Shell Shock!
- Designers: Joseph Reiser
- Illustrators: Kathleen Kiefer; Ted Koller;
- Publishers: Victory Games Inc.
- Publication: 1990; 35 years ago
- Genres: Strategy game
- Languages: English;
- Players: 2
- Playing time: 240 minutes
- Age range: 12+

= Shell Shock! =

Wargame Adaptation

Shell Shock! is a man-to-man wargame published in 1990 by Avalon Hill under their label Victory Games. It is an adaptation of the popular Ambush! solitaire game that can be played by two people.

== Gameplay ==
Shell Shock! is set in Europe during World War II and players play as commanders of either Axis (German) or Allied troops (either American, British, or Soviet).

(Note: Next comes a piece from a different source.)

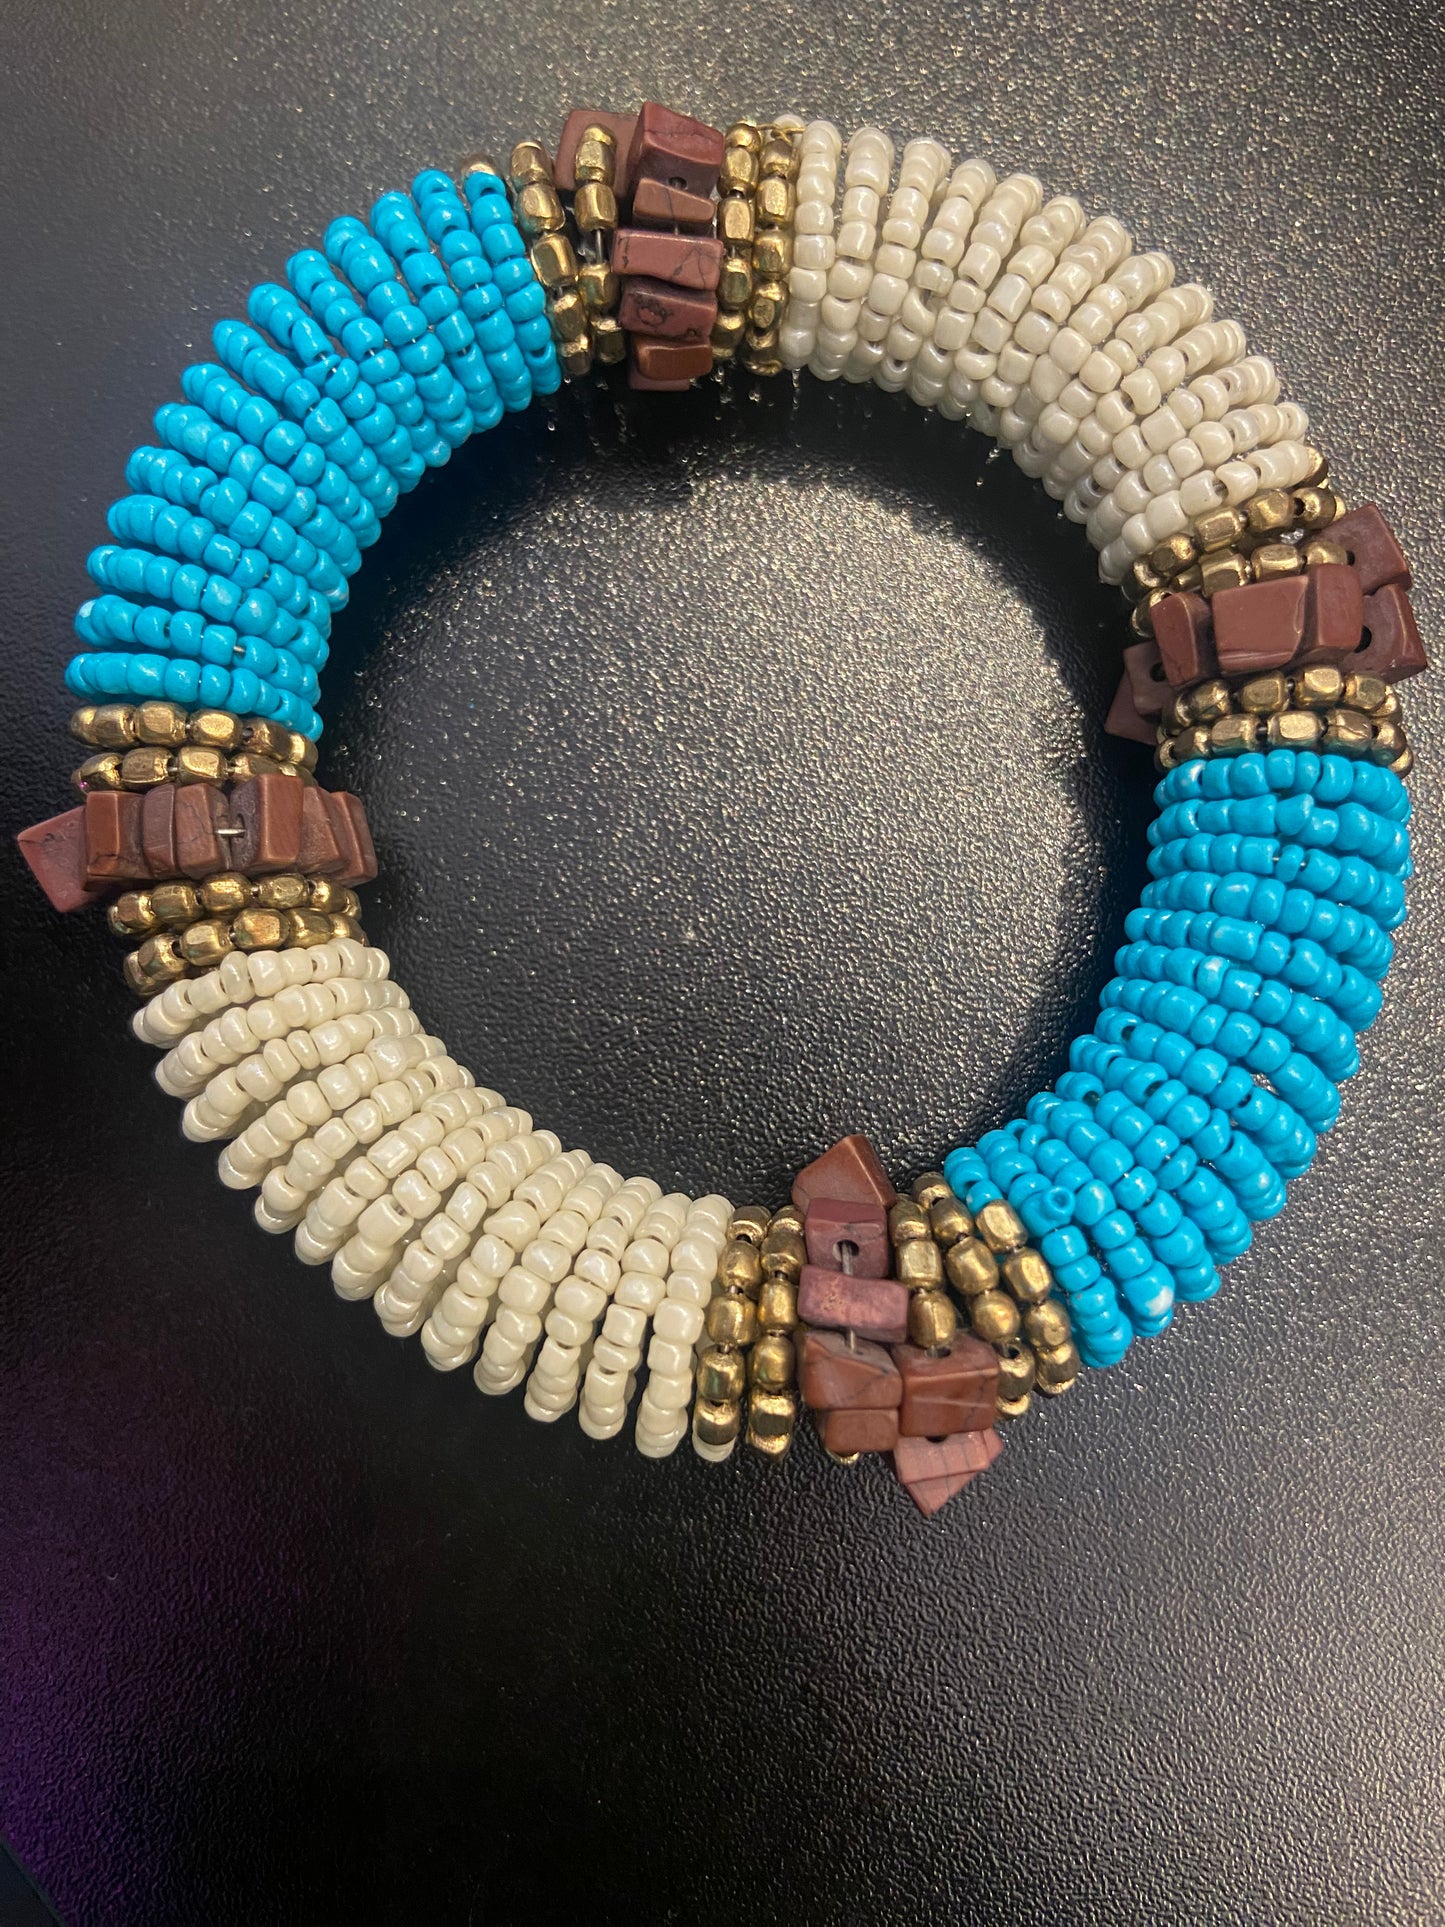 Arm candy bead bracelet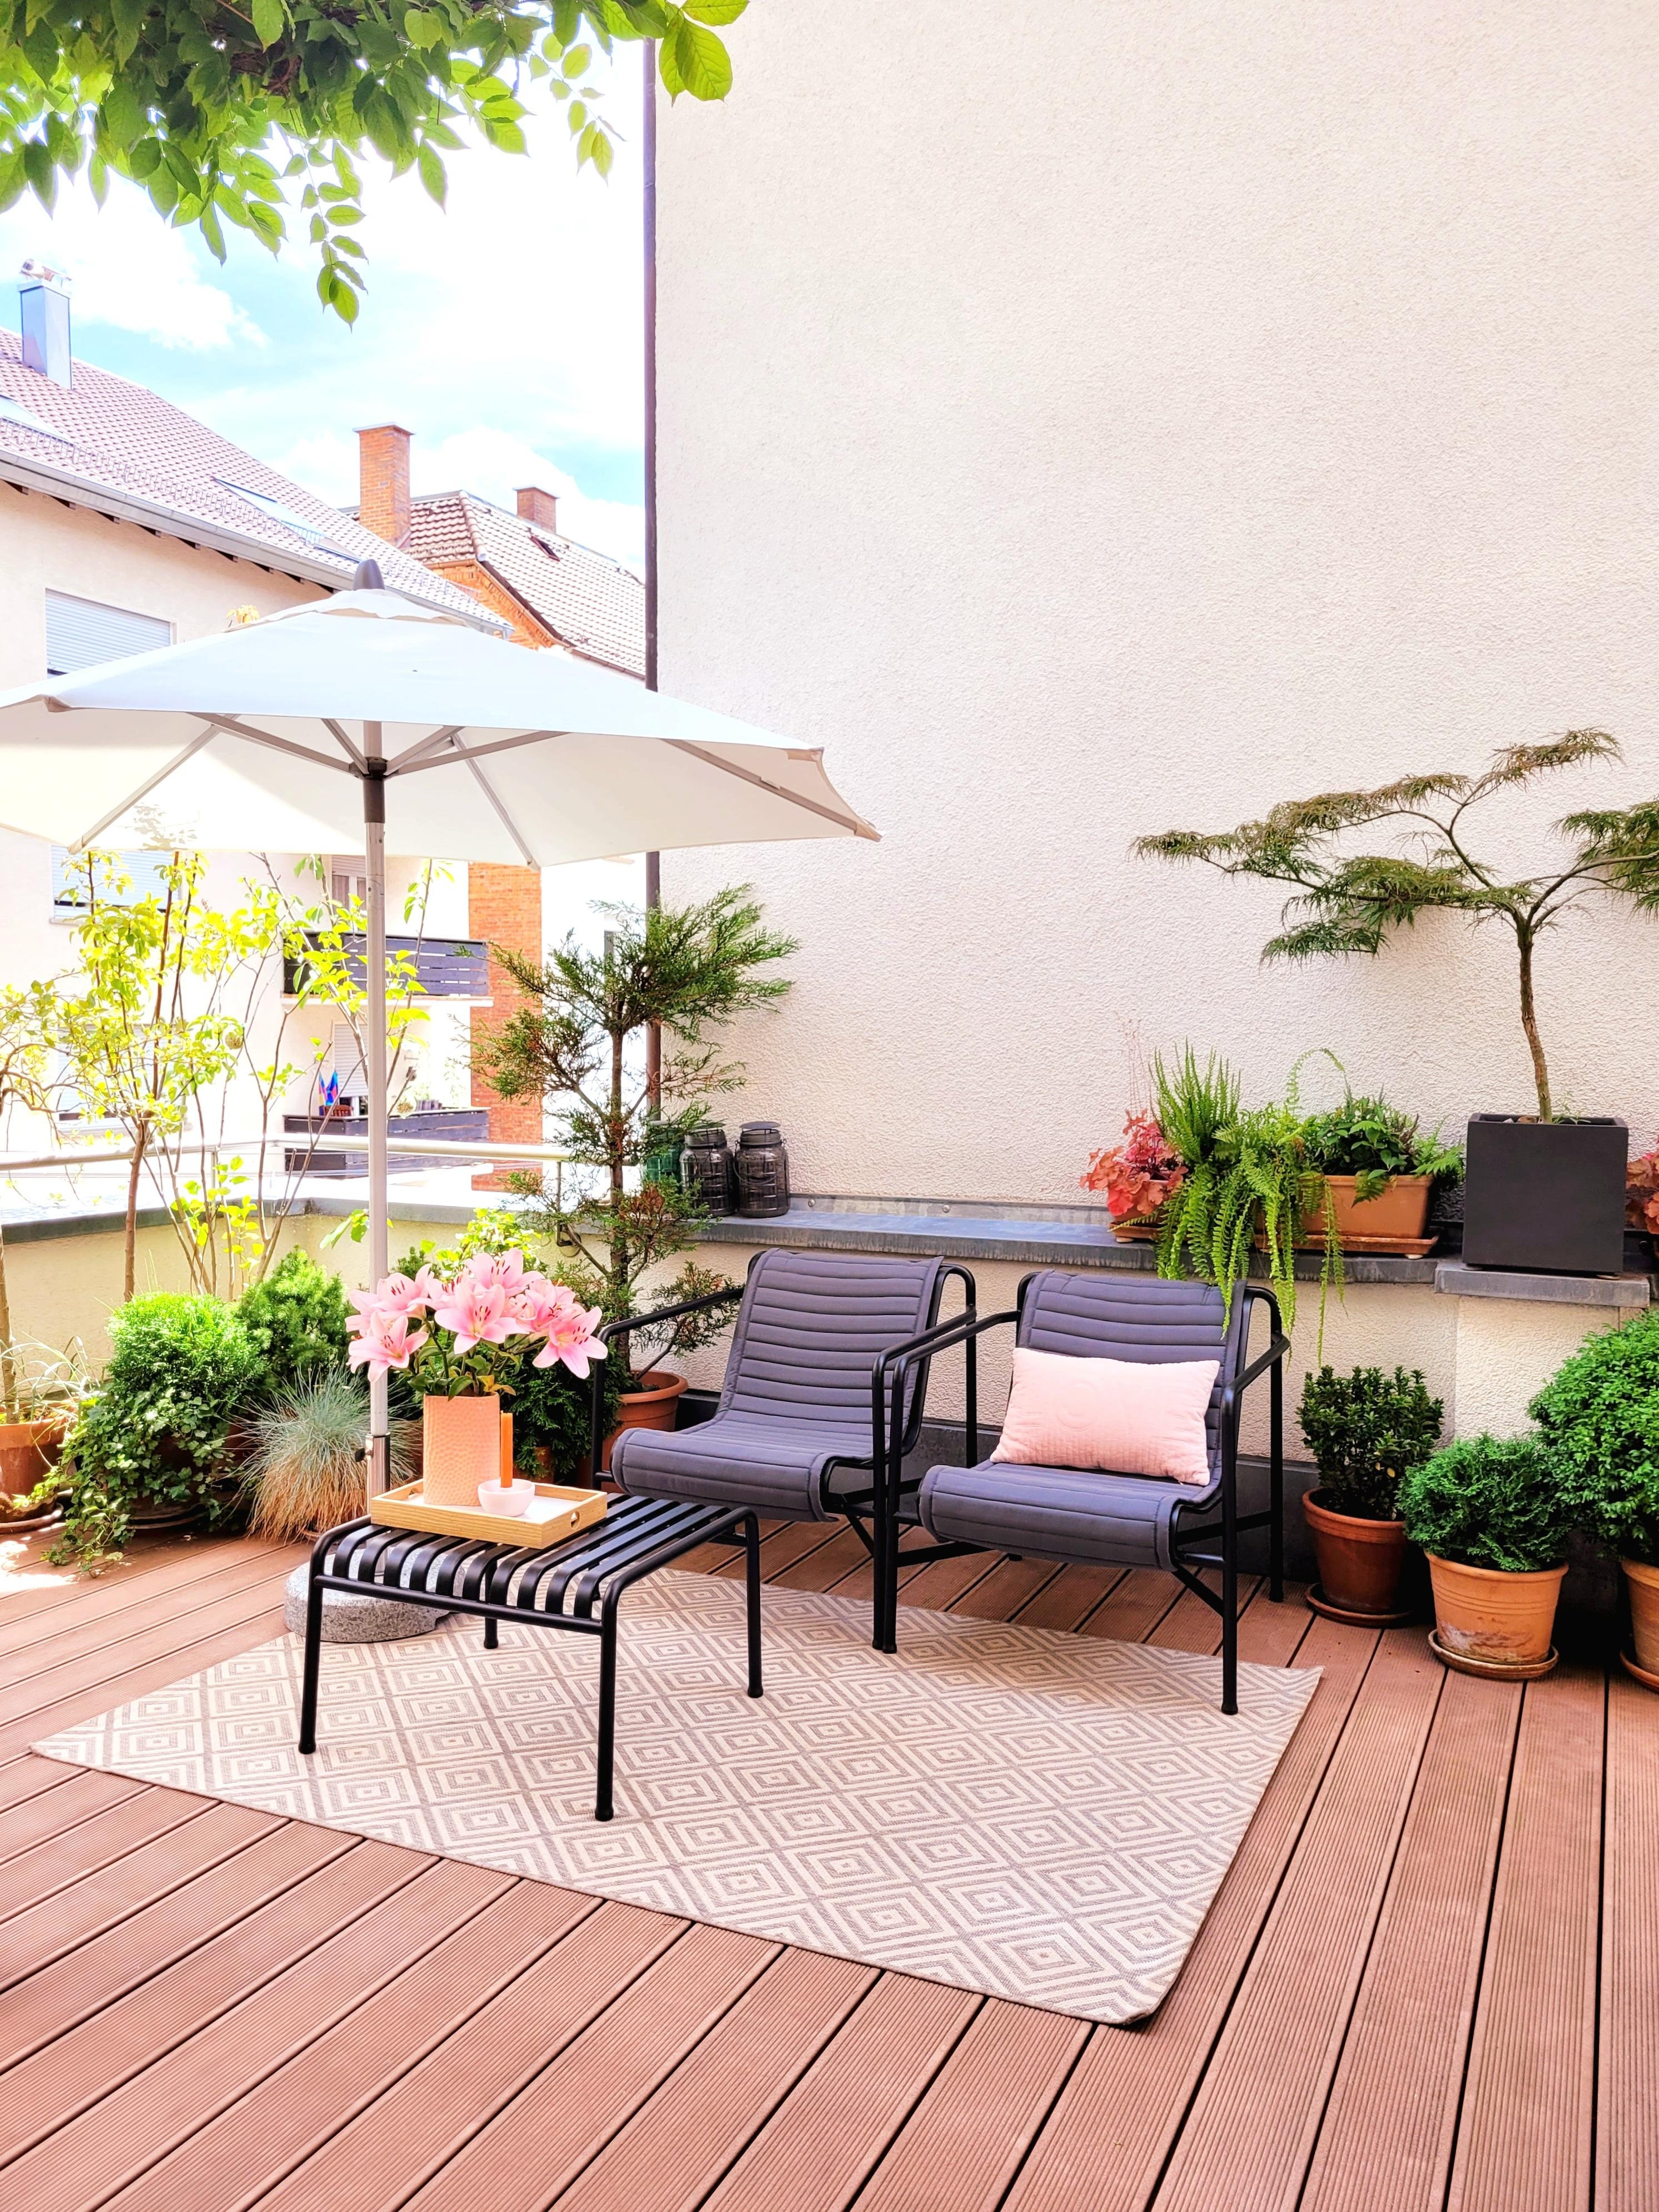 #Altbau #Design #Terrasse #Balkon #Erker #Farbenfroh #Blumen #Vasen liebe #gemütlich

Players choose the men, weapons, and equipment of their squadrons and purchase "Light" and "Heavy" supports to assist them in each of six missions with different objectives and intensities.

== Reception ==
Jonathan Turner reviewed Shell Shock! for Games International magazine, and gave it a rating of 1 out of 10 (a turkey), and stated that "Shell Shock is unfortunately just another example of a company messing around with a winning formula and ending up with a disappointment. This, coupled with the obviously rushed nature of the game, and its lack of coherent feel makes this a true turkey."